Le rejet de la Présence (au sens où l’entend Jacques Derrida) par les théories de la déconstruction a mis a contrario la notion d’absence à l’ordre du jour. Dans une perspective postmoderne, on ne dira certes pas qu’elles l’ont mise « au centre » des préoccupations, dans la mesure précisément où un centre est défini comme «une présence», une autorité stable, une référence, et que c’est précisément cet éclatement des certitudes qui trouble la pensée contemporaine. La conscience indécise d’une absence, d'un vide au centre de l'«épistémè» (le dispositif scientifique de l'époque selon Michel Foucault) semble en effet motiver, au tournant du XXIe siècle, le discours critique et refonder la poétique. Cette pensée dite postmoderne s’attache ainsi à « décentrer », ou à « déconstruire » l’autorité qui gouvernerait l’ordre, la logique, la cohérence du monde (le logos), mettant, en quelque sorte, le « centre en absence », décelant l’aporie (l'absence logique) que recèle tout discours rationnel. Cette absence, ou cette mobilité du centre, la prolifération de centres à la périphérie, rendent impossible l'exercice d'un pouvoir transcendant. La réalité ne cesse de contredire la théorie ; la théorie ne permet plus d’appréhender le réel. Le texte devient cironstanciel, existentiel, malléable, labile, ductible, jamais constitué dans sa totalité, jamais fixé dans son sens. La logique, la raison poussées dans leurs derniers retranchements, débouchent sur une absence de sens. Les choses ne peuvent plus être définies une fois pour toutes au nom d’un principe supérieur dit « extrasystémique » ou « transcendental » appelé «Présence».

La forme postmoderne se caractérise par une absence de centre, plus exactement par l’absence de centre unique et souverain exerçant un pouvoir absolu sur les éléments de sa périphérie, par la multiplication des centres, le déplacement, la mobilité des centres : par un décentrement. Mais un centre qui n’est ni unique ni stable n’est plus le centre. Si quelque centre subsiste dans l’architecture des bâtiments postmodernes, ce ne peut être qu’un centre circonstanciel : un centre éphémère qui émerge de la posture d’un sujet qui en fait l’expérience fugitive à un moment donné, qui se dégage d’une perspective particulière, de la perception passagère d’un contour, qui s'impose soudain dans la configuration mouvante du kaléidoscope de la conscience.

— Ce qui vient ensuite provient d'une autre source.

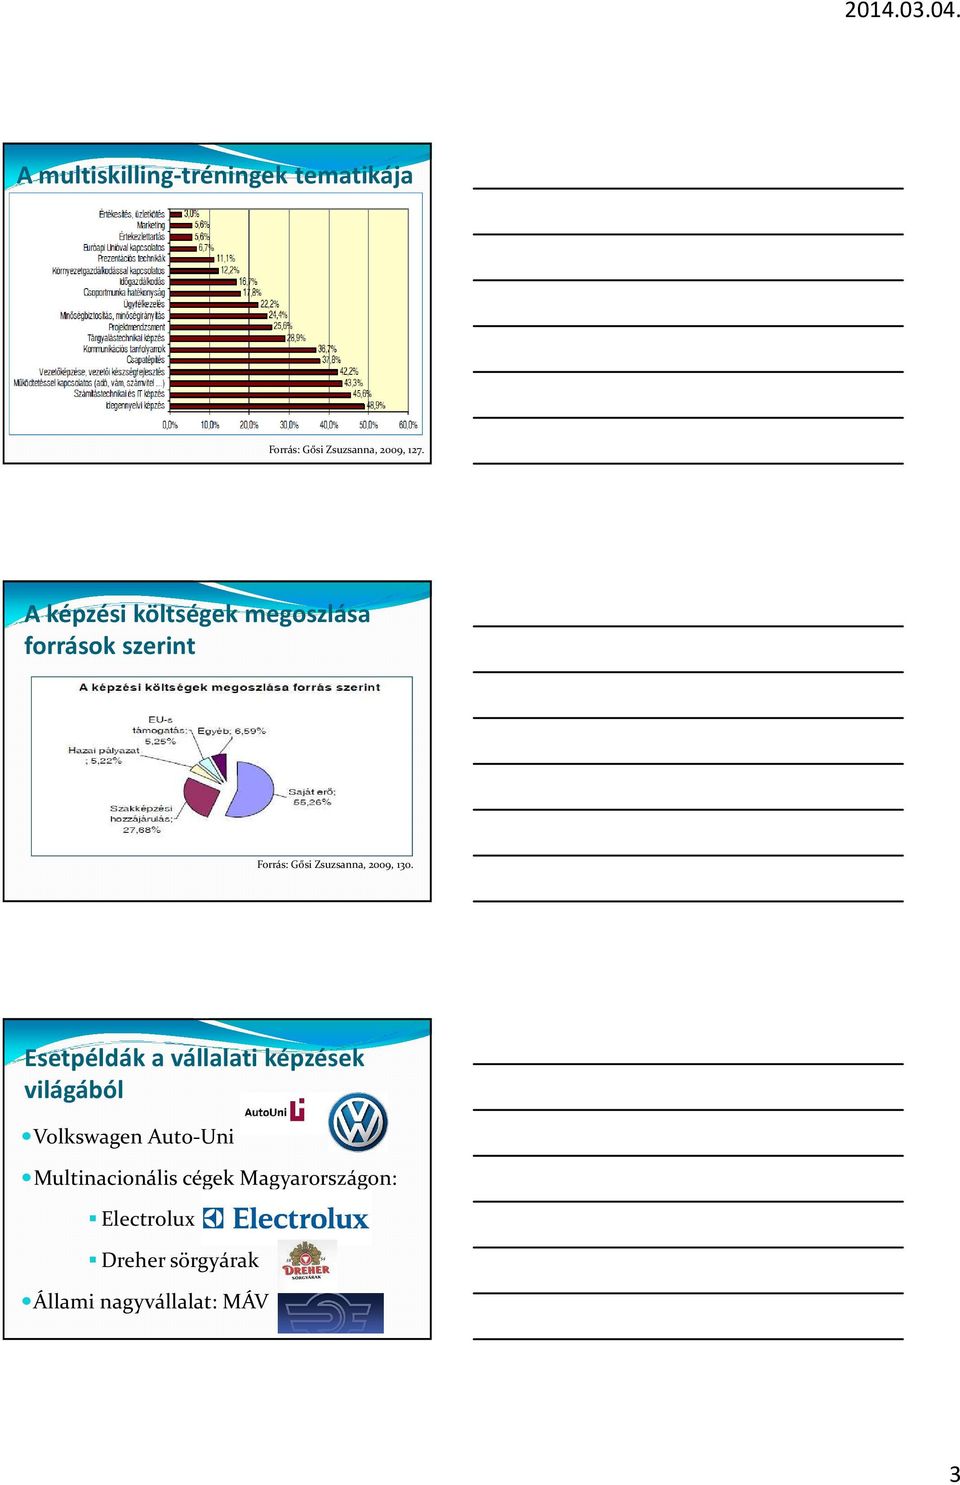 130. Esetpéldák a vállalati képzések világából Volkswagen Auto-Uni
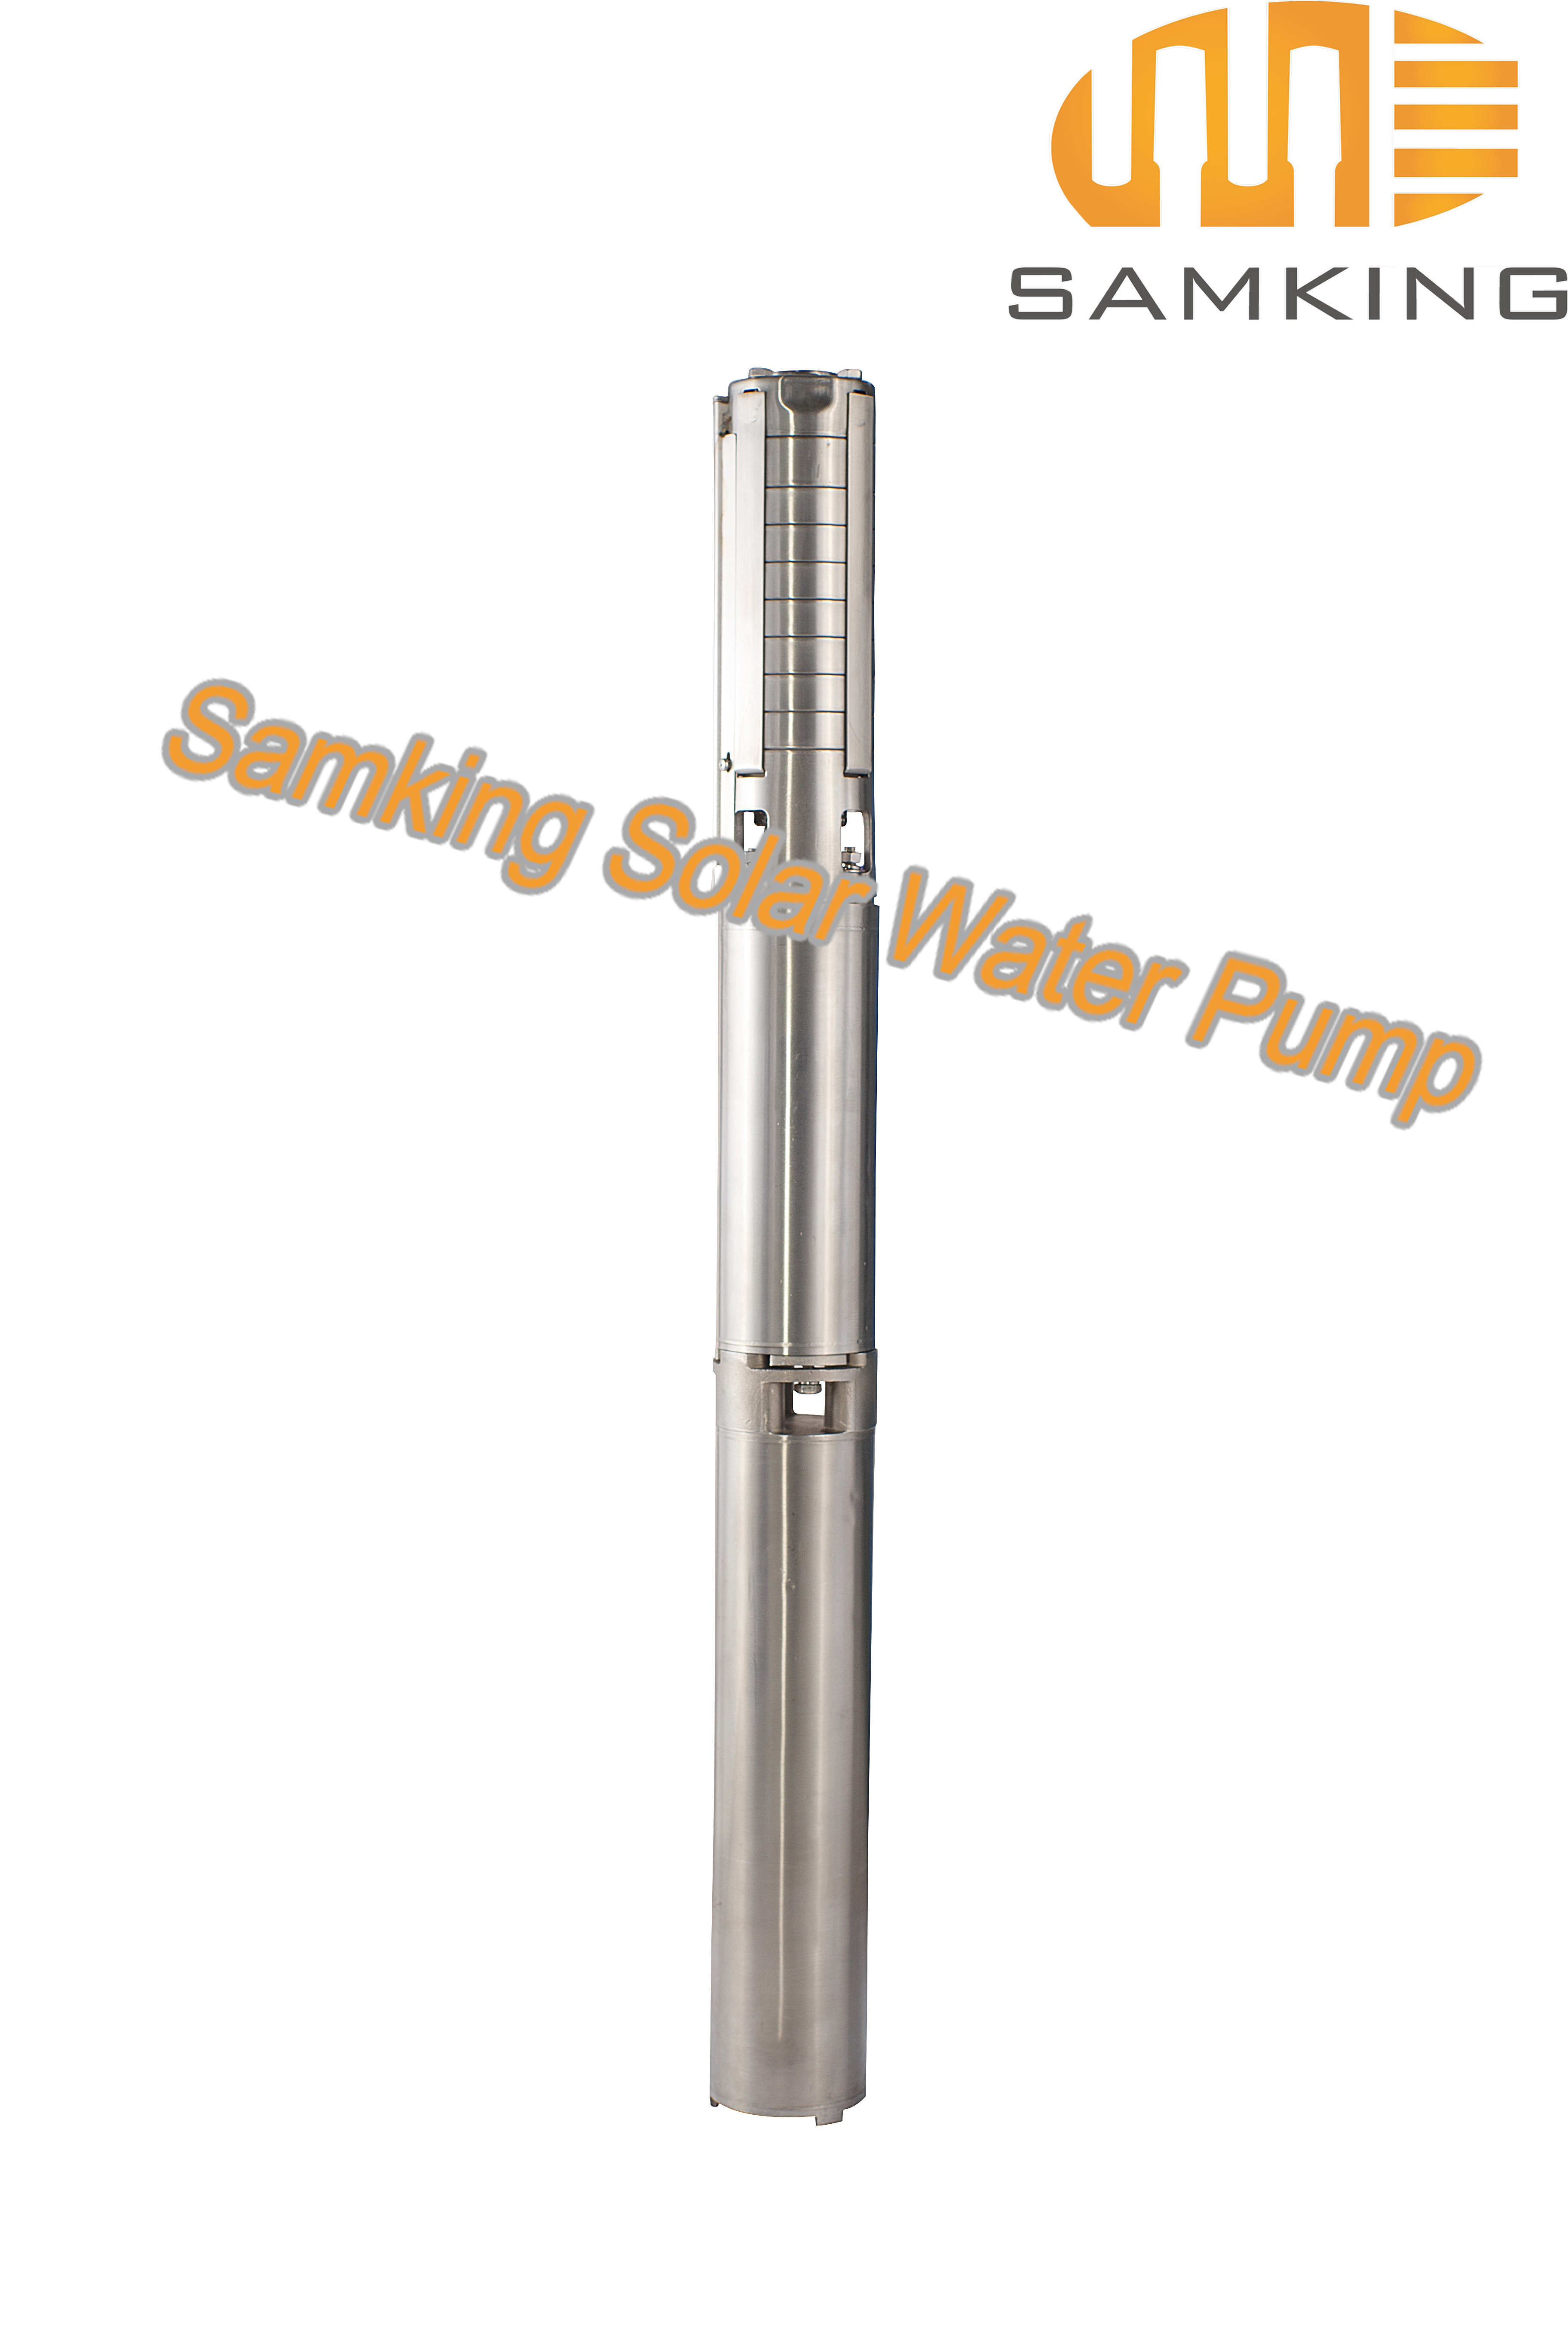 4SP2-7 Samking Solar Water Pump

La critique littéraire, toutes les explications de texte, tous les commentaires, les gloses, les exégèses, les interprétations, l’herméneutique ne font que courir après un sens qui ne sera jamais atteint dans sa plénitude, la «présence». Au lieu de considérer le texte comme un système achevé, définitivement structuré, la déconstruction le pourchasse jusque dans ses failles originelles, le considérant dans son état imparfait, circonstanciel, décentré, caractérisé par un manque à jamais insatisfait, un vide, un désir : une «absence». La présence comme sens absolu, absolu du sens, sera toujours devant nous ; elle ne sera jamais complète, elle ne sera jamais atteinte dans l'ordre existentiel. L'absence, au contraire, est le moteur de tout mouvement, sa motivation. Elle nous maintient dans la course, en vie, tant que l'éternité en nous-même ne nous a pas changés.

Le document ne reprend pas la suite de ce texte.